Treatment Often Inadequate for Children With Anxiety Disorders, Study Finds

WEDNESDAY, Jan. 29, 2014 (HealthDay News) -- Less than half of children and young adults who undergo treatment for anxiety get long-term relief from their symptoms, a new study finds.

The study "suggests the need for more intensive or continued treatment for a sizable proportion of youth with anxiety disorders," said Dr. Victor Fornari, director of the division of child/adolescent psychiatry at North Shore-LIJ Health System in New Hyde Park, N.Y. He was not connected to the study.

The research was led by psychologist Golda Ginsburg of the Johns Hopkins Children's Center in Baltimore. Her team tracked 288 patients, aged 11 to 26, who were diagnosed with anxiety and underwent treatment for three months. Treatment included drugs, cognitive behavioral therapy or a combination of the two. After treatment, the patients were followed for an average of six years.

Only 47 percent of the patients were anxiety-free by the end of the follow-up period, Ginsburg's team said, and nearly 70 percent needed some form of occasional mental health treatment in the years after their initial therapy.

The risk of anxiety relapse was not affected by the type of original treatment, which suggests that all three treatment methods have the same level of effectiveness, the researchers said.

Another expert said the findings reflect the challenges of treating anxiety in the young.

"The study underscores the chronic nature of psychiatric illnesses and illustrates the importance of the pressing need to study and support mental health treatments across the age and demographic spectrum," said Dr. Aaron Krasner, adolescent transitional living program chief at Silver Hill Hospital in New Canaan, Conn. "Anxiety, a common condition by most epidemiologic estimates, is understudied and undertreated, especially in the pediatric population," he said.

The study, published online Jan. 29 in the journal JAMA Psychiatry, found that girls were nearly twice as likely as boys to relapse. Being part of a stable family with well-defined rules and greater levels of trust, where families spent quality time together, helped to reduce a youngster's risk of relapse, the study found.

"To a child and adolescent psychiatrist who works day in and day out with anxious children and their sometimes anxious parents, this makes a lot of sense," said Krasner. "Based on this finding, I hope that greater attention to understanding and treating troubled families is increasingly incorporated in routine anxiety treatments for children and young adults," he added.

Ginsburg's team believes their findings also highlight the importance of close follow-up and monitoring of symptoms among children, teens and young adults who've been treated for anxiety, even if they seem to be getting better.

"Our findings are encouraging in that nearly half of these children achieved significant improvement and were disease-free an average of six years after treatment, but at the same time we ought to look at the other half who didn't fare so well and figure out how we can do better," Ginsburg, who is also professor of psychiatry at the Johns Hopkins University School of Medicine, said in a Hopkins news release.

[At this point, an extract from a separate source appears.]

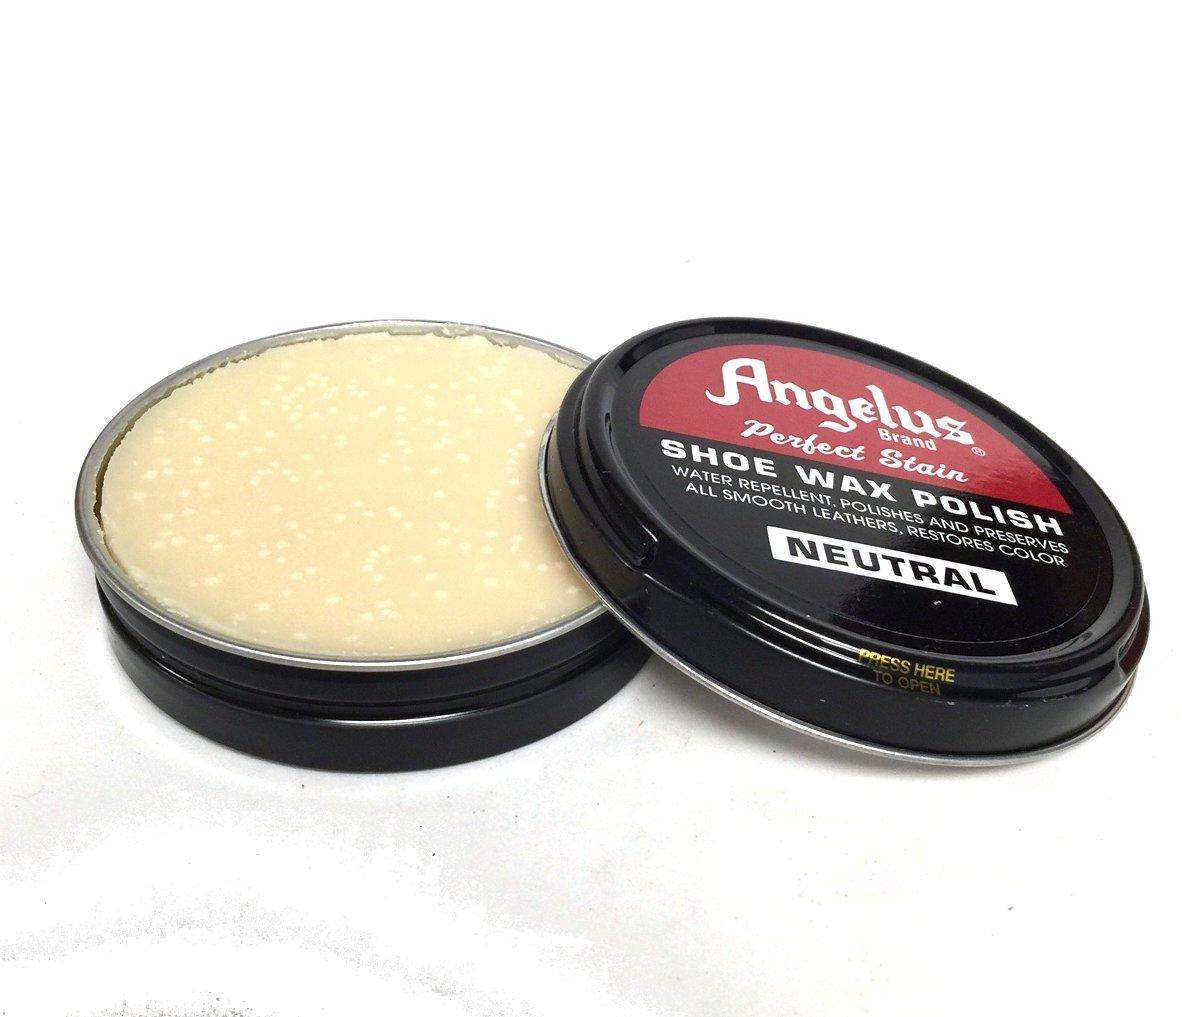 Angelus Perfect Stain SHoe Wax Polish, 2.6oz (Neutral)

"Just because a child responds well to treatment early on, doesn't mean our work is done and we can lower our guard," she added.

Fornari said that the effectiveness with which anxiety issues in childhood are diagnosed and treated can have implications across the life span. "Pediatric anxiety disorders may be the most prevalent mental health problem in children and adolescents, and can cause significant impairment," he said. "They may also serve as disorders that may predict adult psychiatric problems."

According to the study authors, anxiety affects about one in five children in the United States and can lead to depression, substance abuse and poor school performance.

More information

The American Academy of Child & Adolescent Psychiatry has more about children and anxiety.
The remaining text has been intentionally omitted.